Все подхватились, кинулись к озеру. А там действительно под прозрачной водой лежит Фоти, как будто спит. Все-таки откачали ее.
— Так вот. — выводила Фоти, — я думаю, зачем Богу было угодно спасти меня в тот раз? Но не для того же, чтобы диавола родить?
И эта навязчивая мысль все прочнее ею завладевала, чем больше спорил и доказывал Денис, тем более она в ней утверждалась. Видимо, он доказывал как-то не по-византийски, не так… А как? А теперь она просто куда-то ушла!

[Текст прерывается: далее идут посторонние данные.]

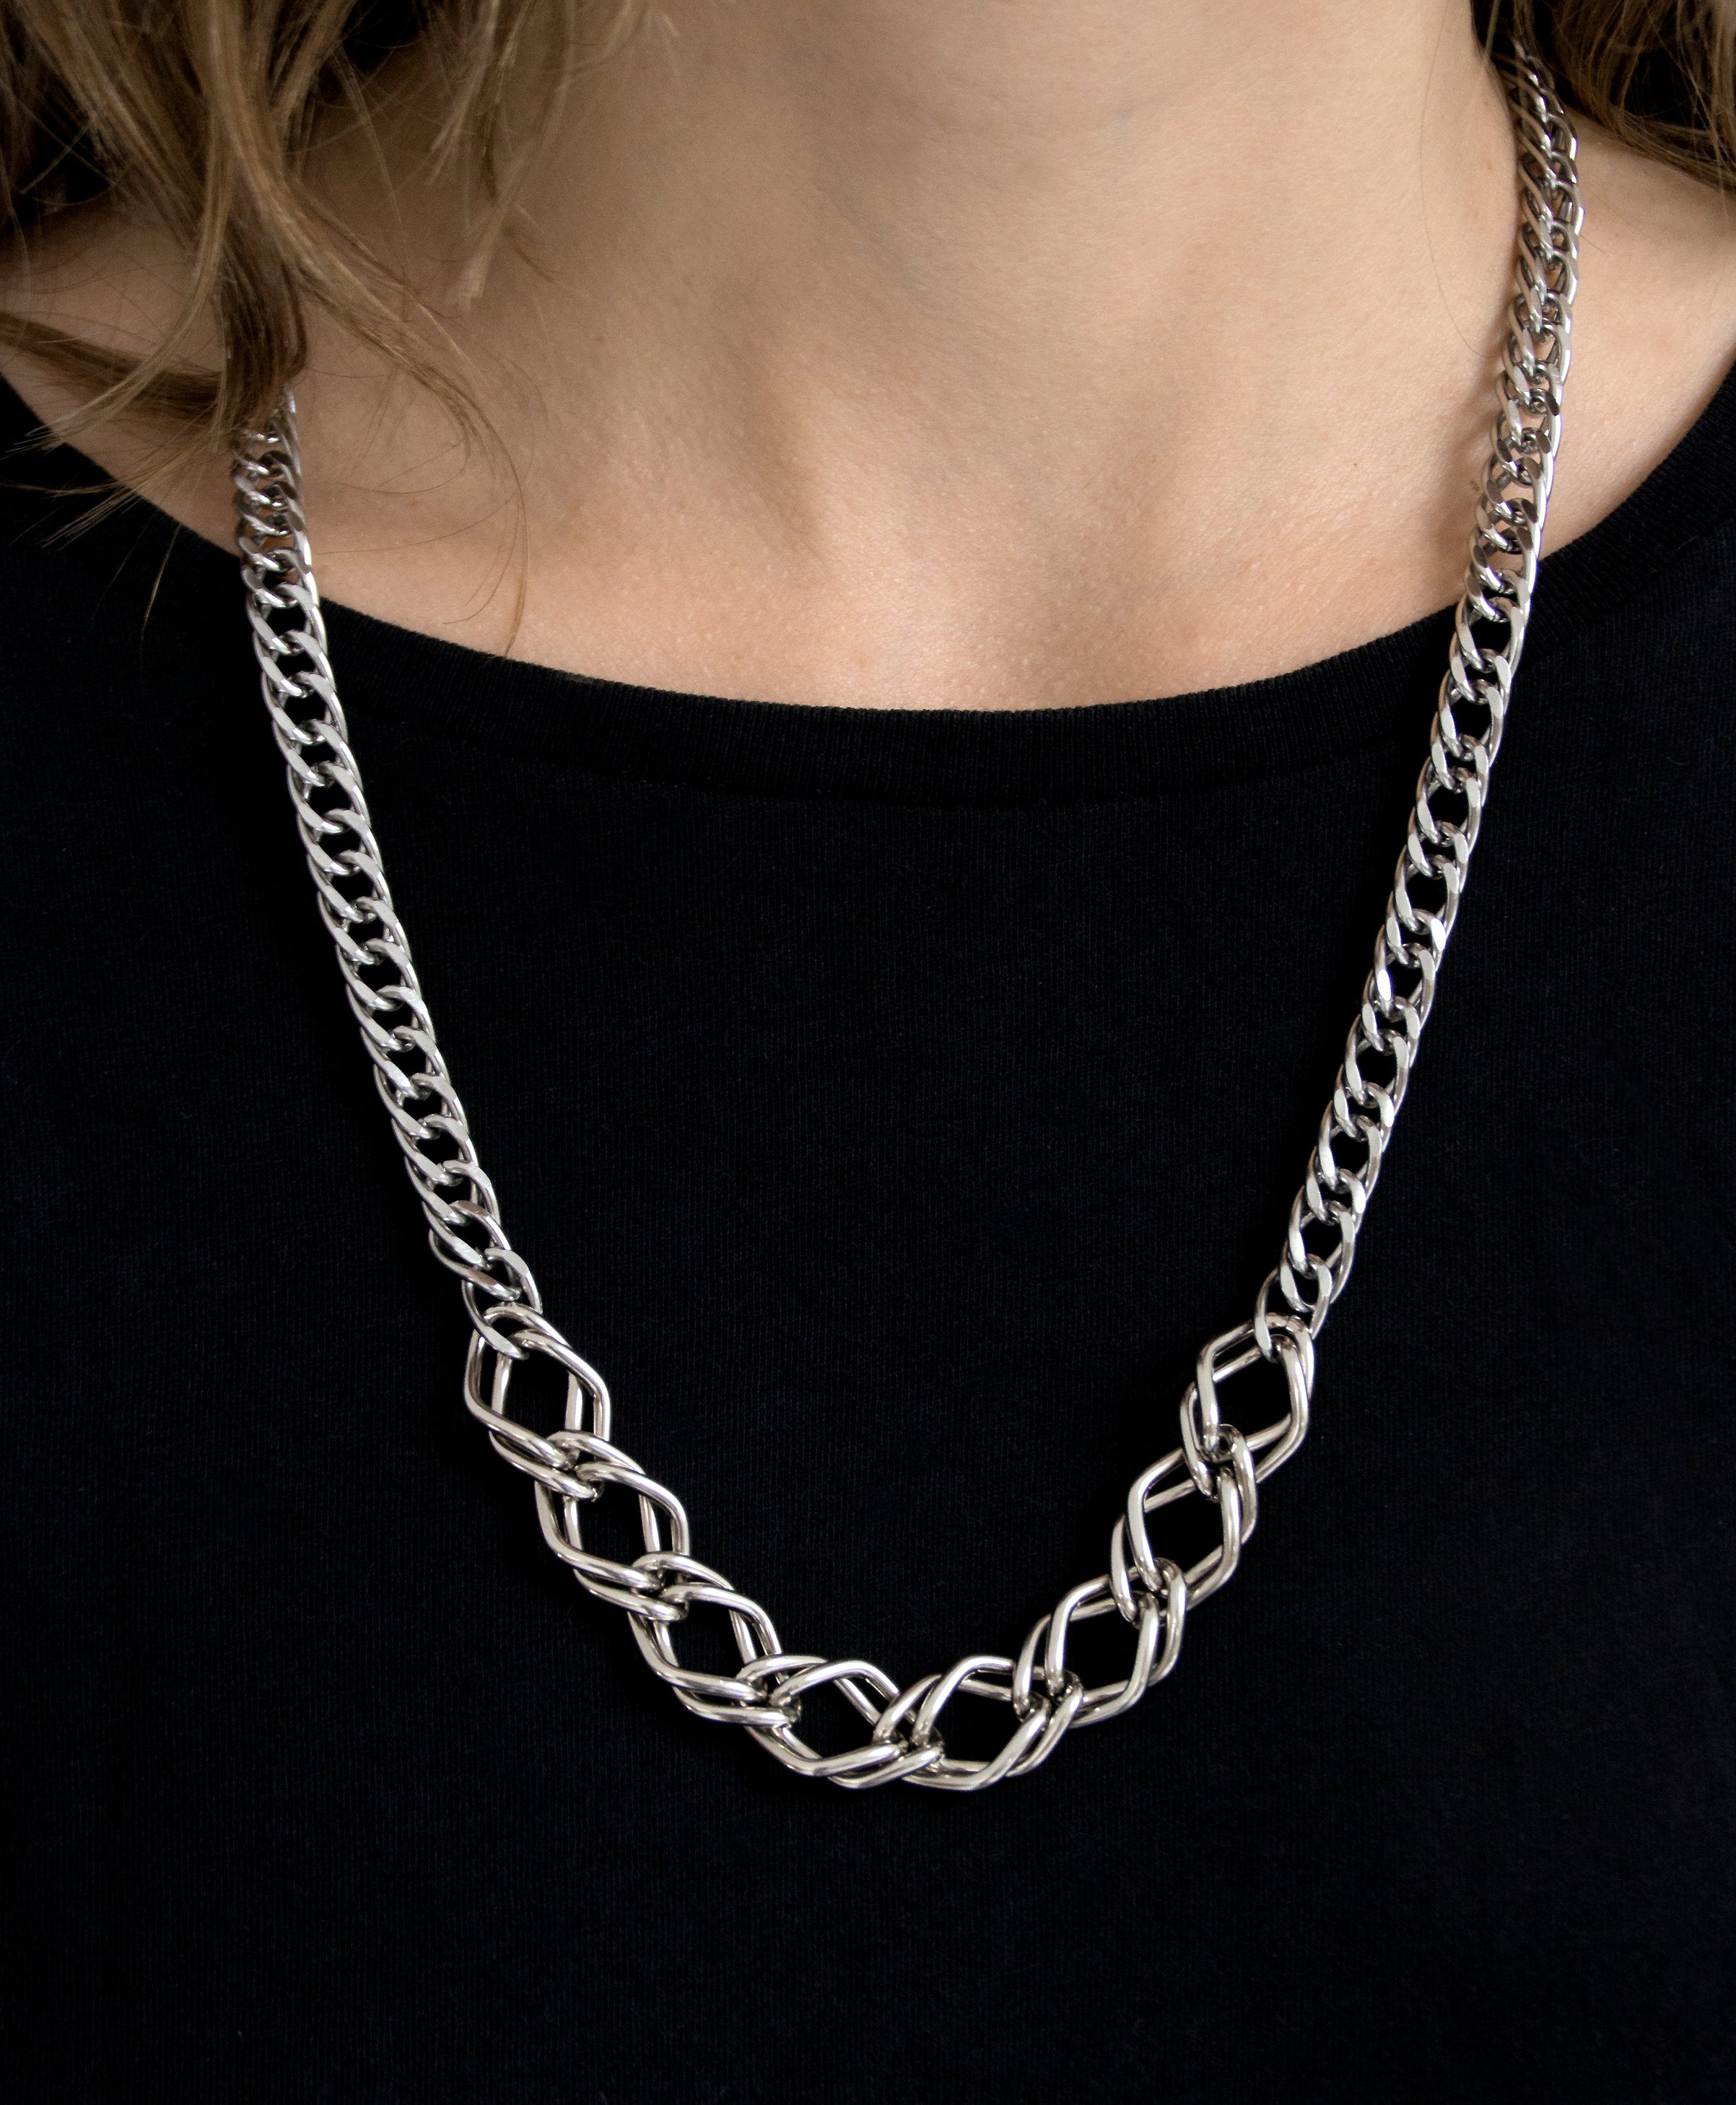 llayers-mens-women-jewelry-silver-stainlesssteel-choker-chain-necklace-unchained-007-Brooklyn-New-York-3
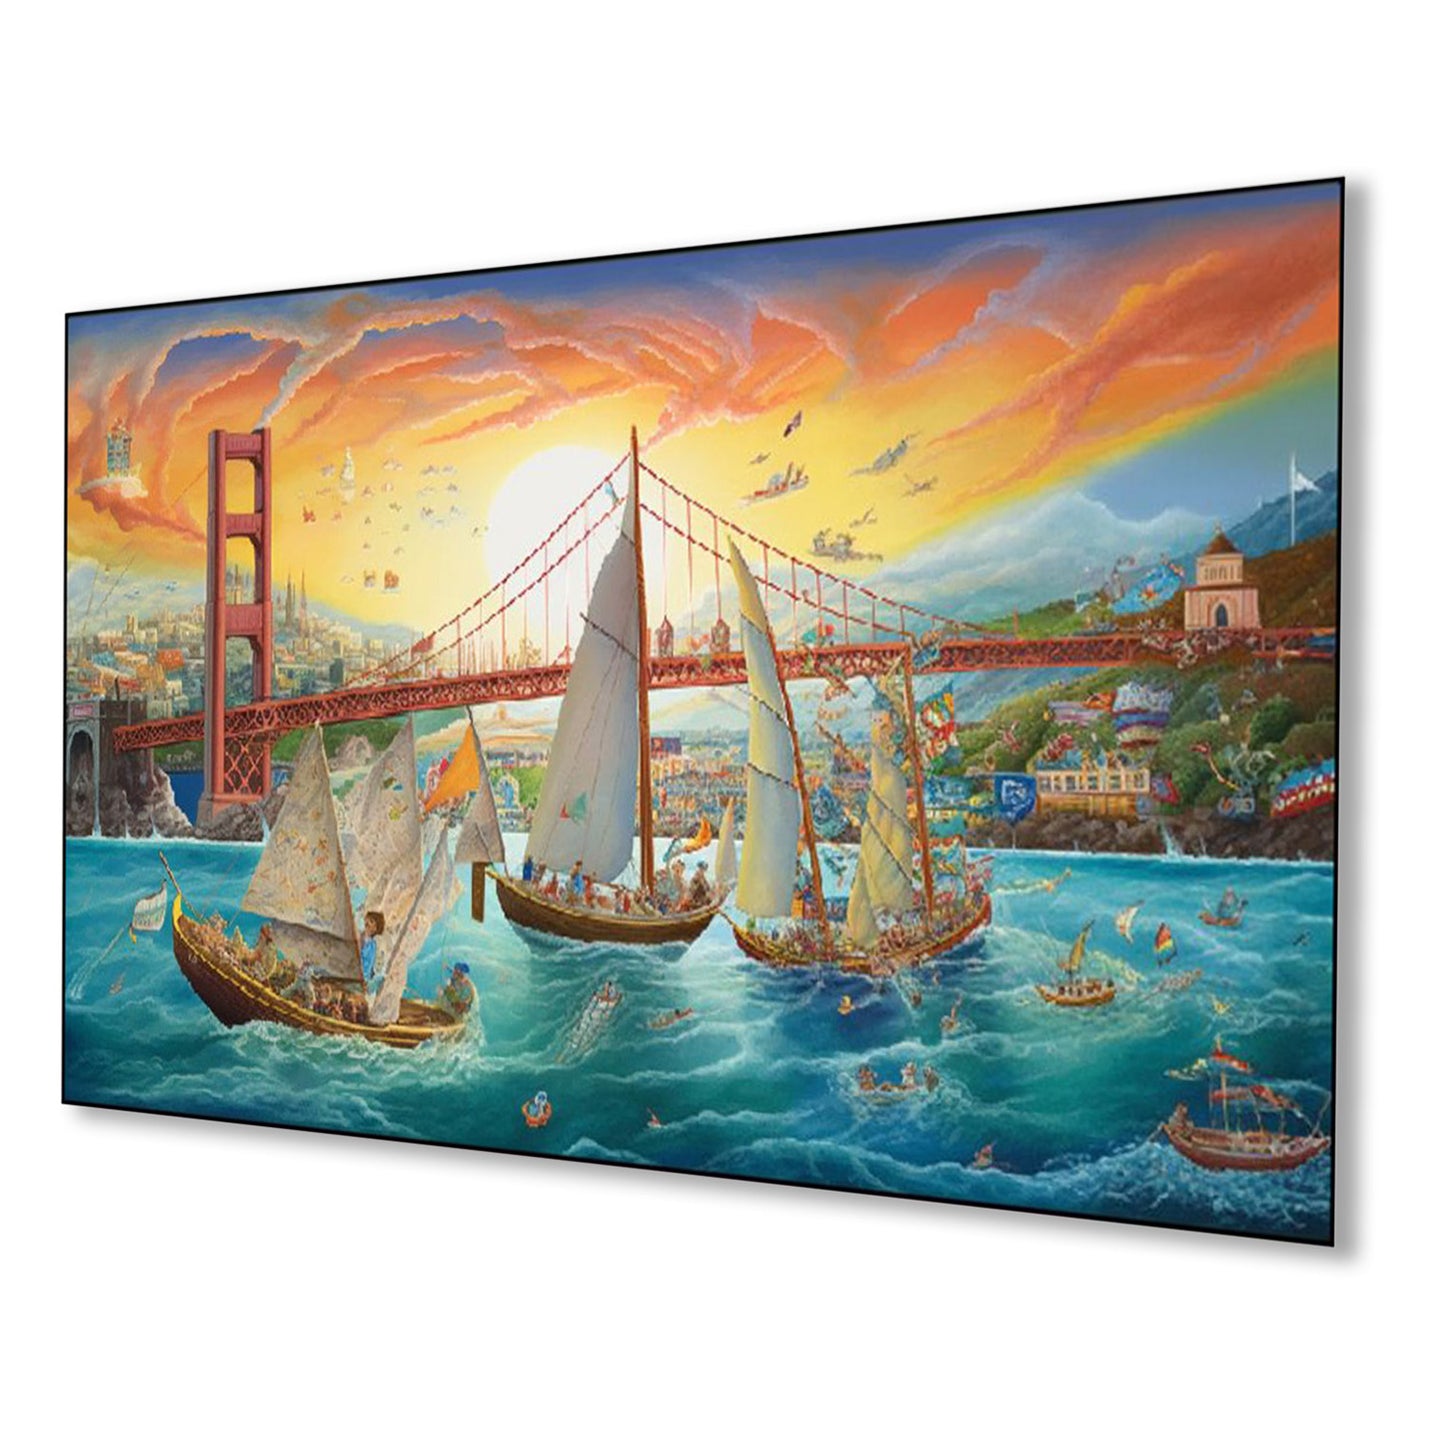 Tranquil Waters: Boats and Bridge Wall Painting

Но вот слышит Денис, в ночной уже тишине быстро и ровно стучат далеко за стеною дома каблучки. И сердце его знает, что это каблучки любимой, и он с восторгом слушает, как они стучат по лестнице, как переходят на мрамор вестибюля. И вот она входит, вот обнимает его, вся прохладная и улыбчивая.
Куда они выходили с Тиньей? Она не сказала, но явно заметен был перелом, вернулась какой-то печальной и спокойной, будто что-то решилось у нее, про диавола уже не вспоминала.
И в ту ночь она зажгла все светильники и, уложив Дениса нагим на постель, словно бы поражалась ему — ни волоска на ногах и на груди! Мускулы словно литые, волосы кудрявятся сами собой…
— Что я тебе, в музее? — пытался шутить Денис, но она не знала, что такое музей, и только смеялась с какою-то грустью.
Так прошла у них эта странная ночь.
А на следующий день (как раз второй день Звезды) Денис въехал во двор в сопровождении Костаки и конвоя, и опять странное предчувствие его поразило.
Он обменялся кивком головы со стратиархом Русиным, который только что вышел из бани в новенькой офицерской кирасе, чтобы присоединиться к зевающим на озаренное небо.
— А что Фоти? — почему-то спросил Денис.
— Она дома, она спит.
А вот и чернокожая наперсница, всегда угодливая, любящая покланяться, на сей раз как мышь проскользнула мимо Дениса, словно не желая ему попадаться.
И вновь чувство недоброго сотрясло вдруг Дениса. Он отдал Колумбуса подбежавшим конюшим и быстрым шагом пошел наверх.
В их спальном покое охватила его тишина. Именно охватила, словно тяжкими утюгами заложила ему уши. Смотрел напряженно в темноту, в направлении ложа, понимая, что Фоти здесь, что Фоти лежит, и одновременно, что Фоти уже нет.
Локти затряслись у Дениса. «Нет, нет, — повторял он себе. — Все образуется, откуда быть плохому. Она спит, она спит».
Он наклонился, дотронулся и понял, что она умерла.
Но это же невозможно, она уже их зимние вещи сняла с веревки, где их просушивали, ведь завтра утрой они ехали в Филарицу! Сам уж не понимая, что делает, опустился на колени и положил голову на ее холодное тело.
Затем время остановилось, словно черное стекло. Он услышал над собою душераздирающие голоса.
— Боже правый. Боже!
— Доченька, как же ты так?
— И смотрите, ни капли крови нигде…
— Это яд, яд, не иначе!
— О горе мне! — театрально вскрикивал остроусый Ласкарь. — Зачем же я жил с тобою в этом доме? Ведь я поклялся тебя охранять, девочка! Как же я тебя прозевал?
И бьет себя в цыплячью грудь бывший акрит. Слышен приказ стратиарха Устина Русина — всех рабов и служанок взять под стражу до выяснения обстоятельств. Лица Костаки и Сергея, брата Фоти, участливо склоняются к Денису, но тот только качает головой, и его оставляют в покое.
— Смотрите, смотрите! — кто-то из-под ложа вытаскивает бронзовую чашку. — Она пахнет лютиком, одуванчиком, это же яд!
Подносят к Денису. Действительно, чашка пахнет снадобьями того самого Фармацевта. Но Денис вновь безнадежно машет рукой и обращается к своей бездыханной Фоти.
Как жестока все-таки жизнь и за что же она его, Дениса, которого девчонки в экспедиции за излишнюю кротость величали божьей коровкой, за что же она его? Или это тоже разновидность креста, который должен нести человек?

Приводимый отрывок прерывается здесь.